**WHAT IS REQUIRED:** Repeat the data exactly, please; no pictures belong in the copy.

==============================

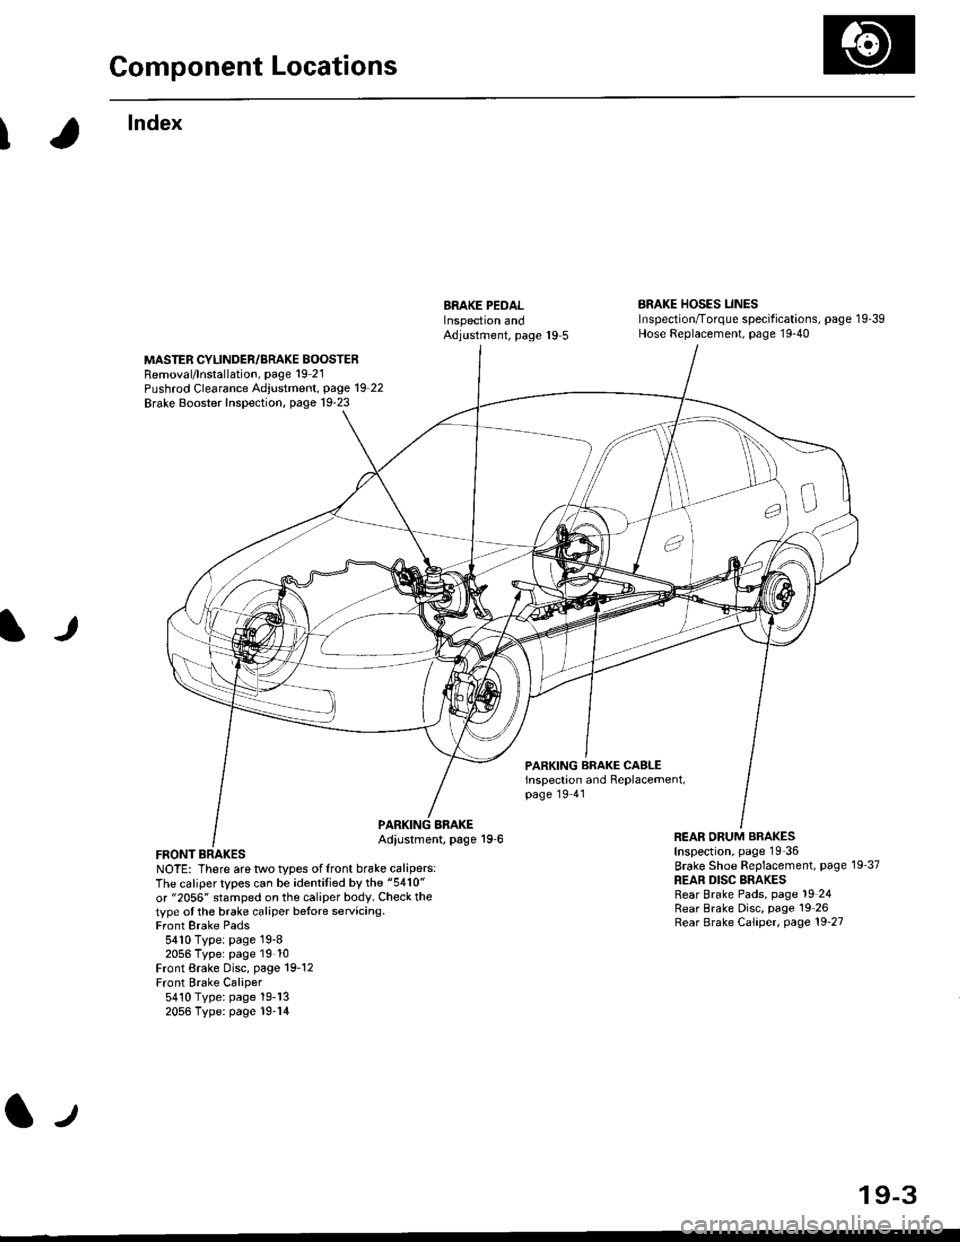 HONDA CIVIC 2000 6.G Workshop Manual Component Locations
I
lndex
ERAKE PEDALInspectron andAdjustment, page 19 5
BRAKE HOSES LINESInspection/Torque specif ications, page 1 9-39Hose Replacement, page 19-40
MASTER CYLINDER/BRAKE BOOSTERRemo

==============================

**WRITTEN RESPONSE:**
 HONDA CIVIC 2000 6.G Workshop Manual Component Locations
I
lndex
ERAKE PEDALInspectron andAdjustment, page 19 5
BRAKE HOSES LINESInspection/Torque specif ications, page 1 9-39Hose Replacement, page 19-40
MASTER CYLINDER/BRAKE BOOSTERRemo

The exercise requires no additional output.